Boeing delivered 50 aircraft in the quarter, 70 fewer than planned, hurting revenue by $4.3 billion and setting it further behind rival Airbus SAS. Full production resumed in December, after workers replaced thousands of bad parts found during the eight-week machinists strike that ended Nov. 2. The walkout stripped $1.8 billion from full-year earnings.
The fourth-quarter loss “may have marked the nadir of Boeing’s fortunes in recent years,” Rob Stallard, a Macquarie Research Equities analyst in New York, wrote to clients today.
Excluding costs related to delayed 747 programs and litigation, Boeing earned 62 cents a share, compared with the 78 cent average estimate in a Bloomberg survey of 17 analysts.

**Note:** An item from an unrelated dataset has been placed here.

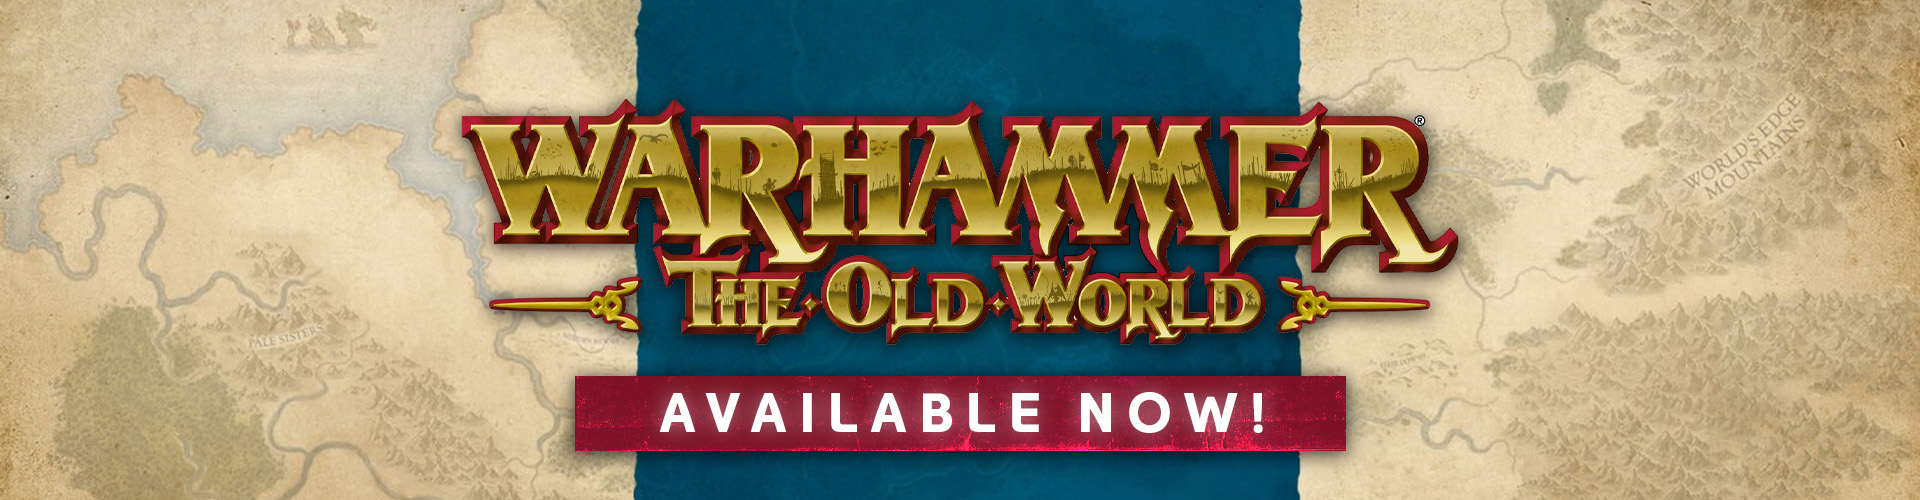 Warhammer Old World Desktop Banner

Full-year sales may be $68 billion to $69 billion, exceeding the average estimate of $67.9 billion, Boeing said. Its shares rose 77 cents to $43.99 at 9:39 a.m. in New York Stock Exchange composite trading.
Profit may be $5.05 to $5.35 a share this year, trailing the average estimate of $5.70, Boeing said. The company didn’t issue a forecast in the previous quarter because of the strike and the global recession and credit crunch that were taking hold.
Outlook for Orders
Boeing faces a potential increase in canceled or deferred orders this year as airlines cope with a drop in travel demand and tight credit. It also must carry development costs on the delayed 787 Dreamliner, which is now due to reach the first customer in early 2010, about two years later than planned.
One order was recently canceled for Dreamliners scheduled to be delivered “late in the next decade,” reducing the plane’s backlog to 895 orders from 58 customers, Boeing said today. There had been 910 on the books.
“The progress we made in many areas of Boeing during 2008 was outweighed by the impact of the strike and our performance on some key development programs,” Chief Executive Officer Jim McNerney said in today’s statement.
The Dreamliner delay drew engineers from other programs, causing slowdowns for other models including the 747-8 freighter and intercontinental passenger jet. The planemaker said the 747- related expenses cost it 61 cents a share.
“The failure to recover after the stoppage, the loss on the 747-8 and the continued engineering problems on the 787 make for a pretty telling charge list against Boeing management,” analyst Stallard wrote.
Delivery Forecast
Boeing said today it plans to deliver 480 to 485 planes this year, less than its July estimate of 500 to 505, and may have to provide $1 billion in financing to customers. It shipped 375 planes last year, below its earlier plan of at least 475 and the 483 delivered by Toulouse, France-based Airbus. Deliveries are critical to planemakers because that’s when they get paid.
The loss at Boeing’s commercial unit was $968 million, after a $973 million profit a year earlier, as the strike hurt earnings by $1.2 billion and the company took a $685 million charge for the 747-8 program.
Profit declined 10 percent to $881 million for defense. Sales dropped 48 percent for the commercial unit and 4 percent for defense. For the year, defense sales were unchanged at $32 billion.
Record Backlog
Boeing’s order backlog for commercial planes was $279 billion at year-end, compared with $276 billion as of Sept. 30. While that’s a record, declining fuel prices have removed some pressure on airlines to renew fleets at the same time that fewer banks are willing to finance purchases.
Almost a third of the world’s carriers are likely to defer deliveries this year, up from 8 percent three months ago, a survey released last week by UBS Investment Research showed.
Free cash flow for the year was negative $2.08 billion, after being positive $7.85 billion during 2007. Cash and marketable securities dropped by half to $3.6 billion at the end of December from Sept. 30 because of the strike, acquisitions and scheduled debt repayments.